Connect with us

De ‘Onzichtbare’, Vaak Ongelukkige Werknemers Die De Toekomst Van AI Bepalen

Kunstmatige intelligentie

De ‘Onzichtbare’, Vaak Ongelukkige Werknemers Die De Toekomst Van AI Bepalen

mm

Twee nieuwe rapporten, waaronder een paper onder leiding van Google Research, uiten hun bezorgdheid dat de huidige trend om te vertrouwen op een goedkope en vaak gemarginaliseerde groep wereldwijde gig-werkers om grondwaarheden voor machine learning-systemen te creëren, grote gevolgen kan hebben voor AI.

Onder een reeks conclusies vindt de Google-studie dat de vooroordelen van de crowdworkers waarschijnlijk worden ingebed in de AI-systemen waarvan de grondwaarheden zijn gebaseerd op hun antwoorden; dat wijdverbreide oneerlijke arbeidspraktijken (inclusief in de VS) op crowdwork-platforms de kwaliteit van de antwoorden kunnen verslechteren; en dat het ‘consensus’-systeem (effectief een ‘mini-verkiezing’ voor een stuk grondwaarheid dat een invloed kan hebben op downstream AI-systemen) dat momenteel geschillen oplost, eigenlijk de beste en/of meest geïnformeerde antwoorden kan weggooien.

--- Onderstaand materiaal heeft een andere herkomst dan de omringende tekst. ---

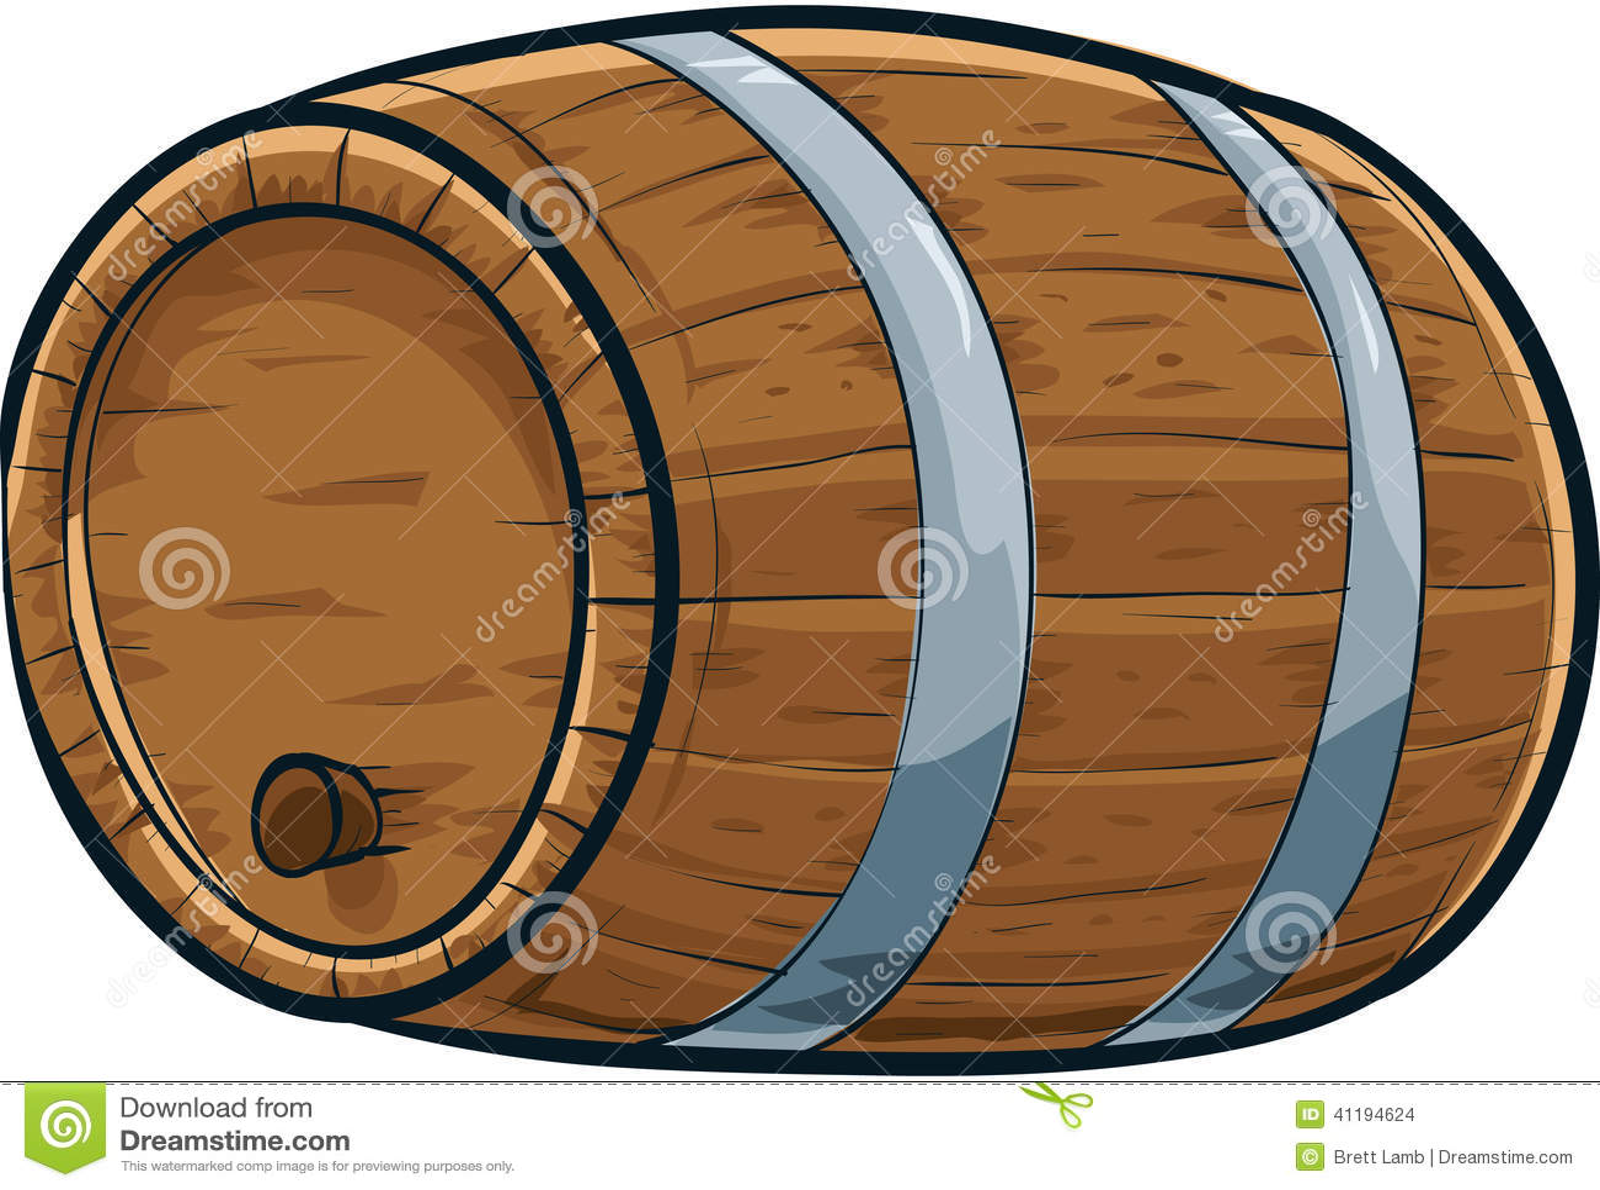 Cartoon Barrel Stock Illustration - Image: 41194624

Dat is het slechte nieuws; het nog slechtere nieuws is dat vrijwel alle oplossingen duur, tijdrovend of beide zijn.

Onzekerheid, Willekeurige Afwijzing en Rancune

Het eerste rapport, van vijf Google-onderzoekers, heet Wiens Grondwaarheid? Rekening houden met Individuele en Collectieve Identiteiten Onderliggend aan Dataset-annotatie; het tweede, van twee onderzoekers aan de Syracuse University in New York, heet De Oorsprong en Waarde van Meningsverschillen onder Data-labelers: Een Casestudy van Individuele Verschillen in Haatzaaiende Taal-annotatie.

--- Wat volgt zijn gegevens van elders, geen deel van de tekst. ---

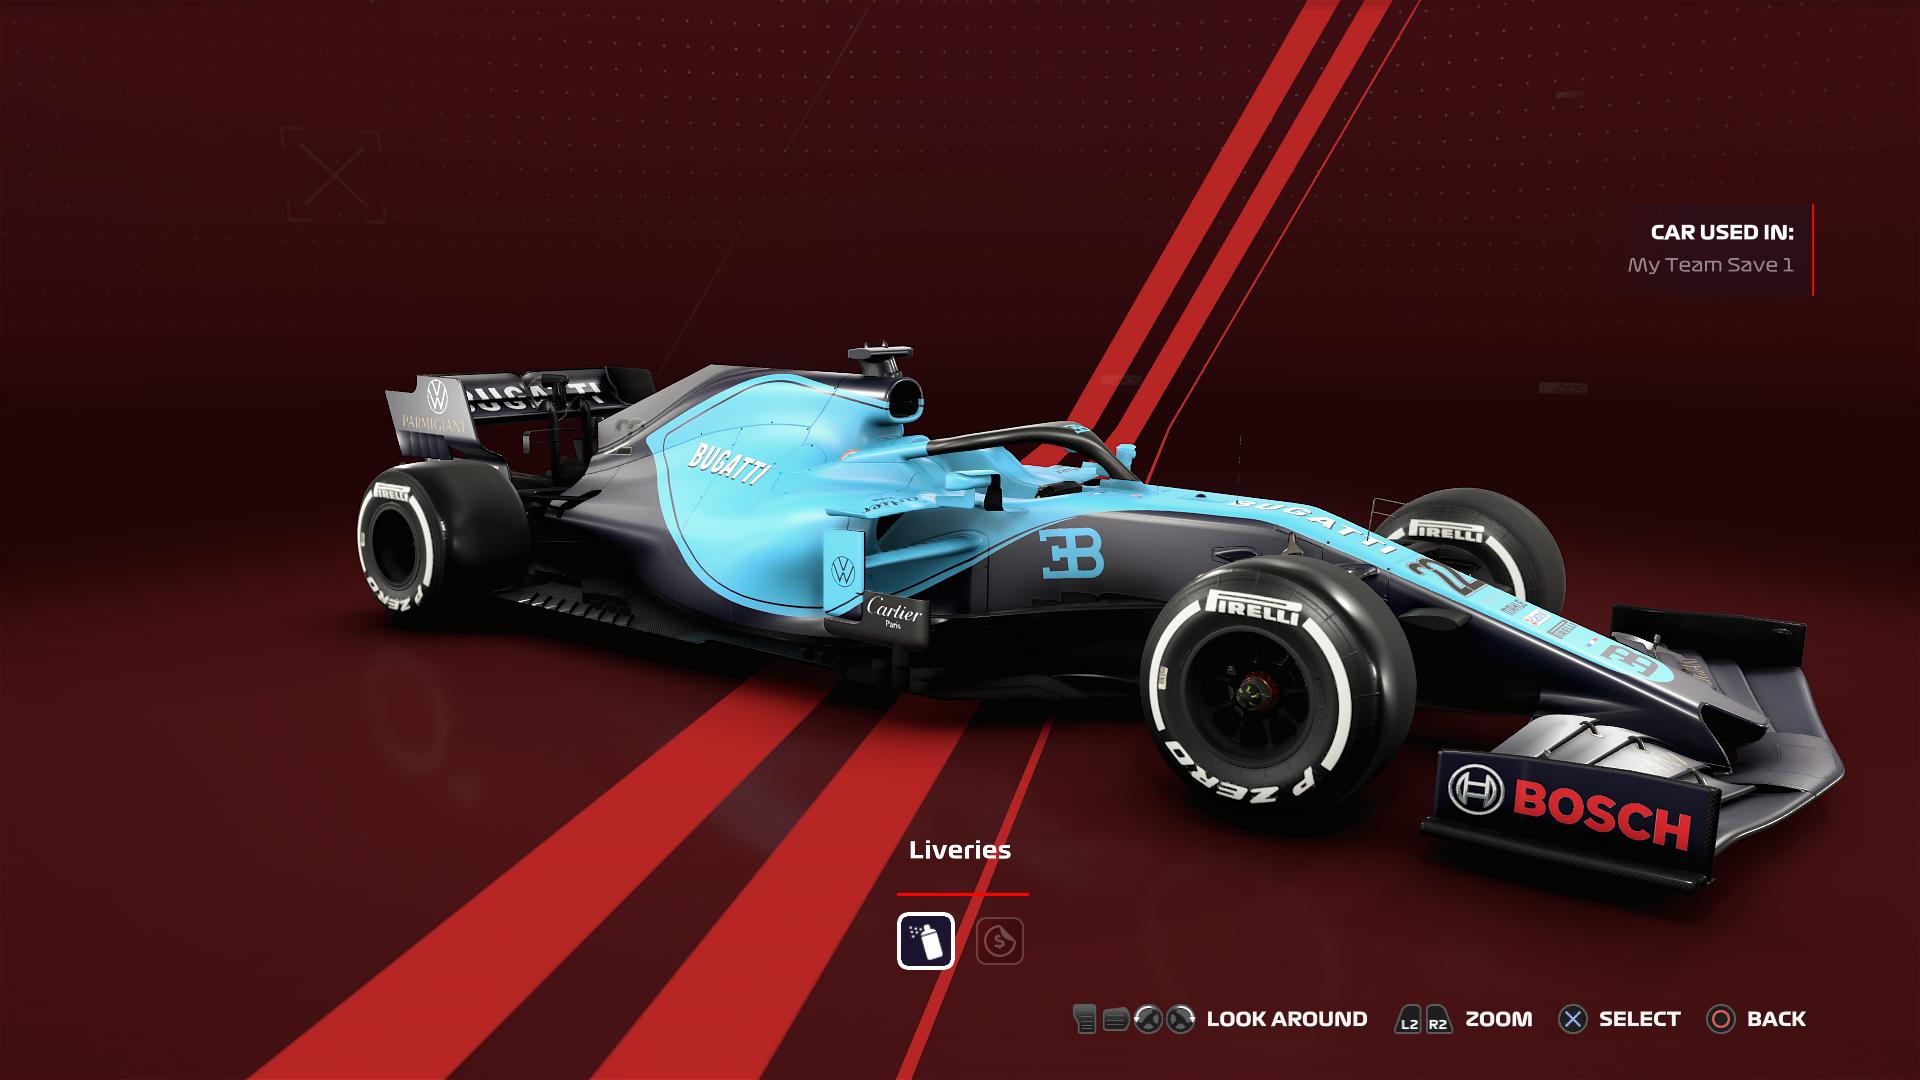 F1 2020 Screenshot 2020.08.20 - 15.01.15.20.png

Het Google-rapport merkt op dat crowdworkers – wiens evaluaties vaak de basis vormen van machine learning-systemen die uiteindelijk ons leven kunnen beïnvloeden – vaak opereren onder een reeks beperkingen die de manier waarop ze reageren op experimentele opdrachten kunnen beïnvloeden.

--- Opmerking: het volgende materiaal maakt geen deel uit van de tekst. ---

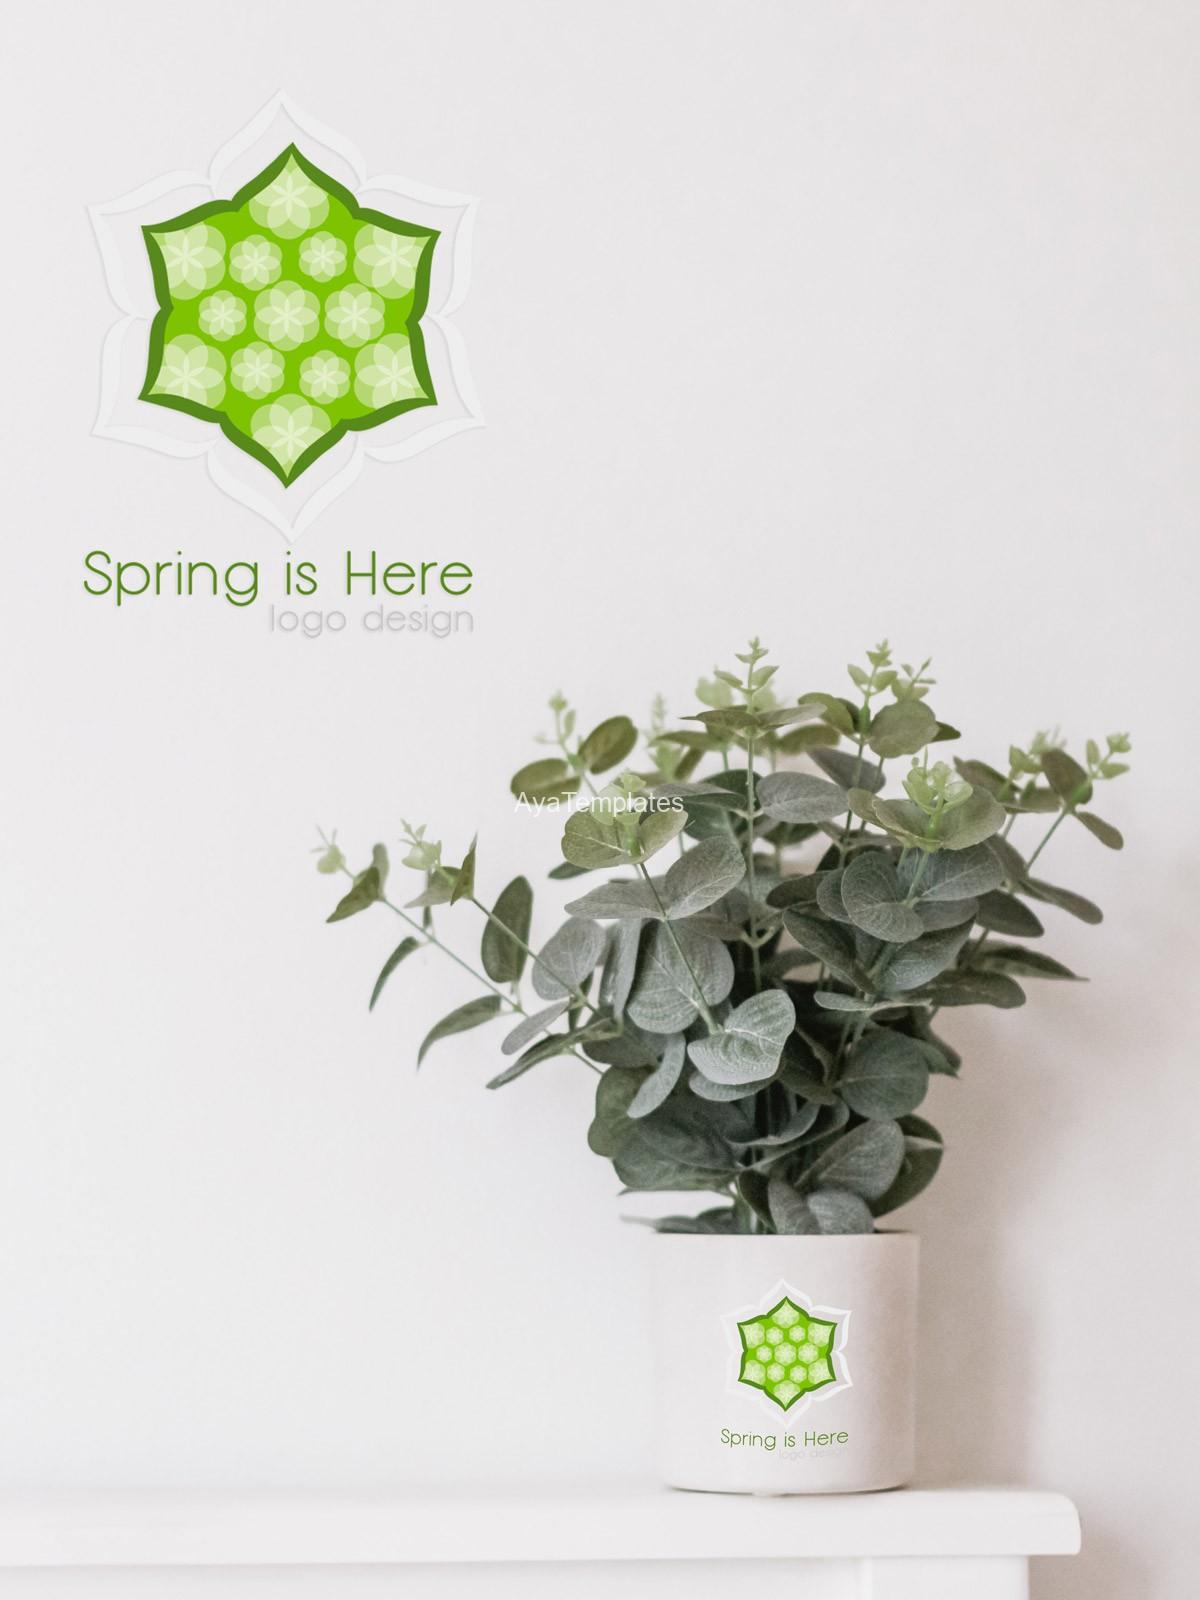 spring-is-here-logo-design-brand-identity-mockup

Bijvoorbeeld, het huidige beleid van Amazon Mechanical Turk staat requesters (diegenen die de opdrachten geven) toe om het werk van een annotator zonder verantwoording af te wijzen*:

‘[E]en grote meerderheid van crowdworkers (94%) heeft werk dat is afgewezen of waarvoor ze niet zijn betaald. Toch behouden requesters alle rechten over de gegevens die ze ontvangen, ongeacht of ze het werk al dan niet accepteren; Roberts (2016) beschrijft dit systeem als een systeem dat “loonsoevereigniteit mogelijk maakt”.

‘Bovendien is het afwijzen van werk en het inhouden van loon pijnlijk omdat afwijzingen vaak worden veroorzaakt door onduidelijke instructies en het ontbreken van zinvolle feedbackkanalen; veel crowdworkers melden dat slechte communicatie hun werk negatief beïnvloedt.’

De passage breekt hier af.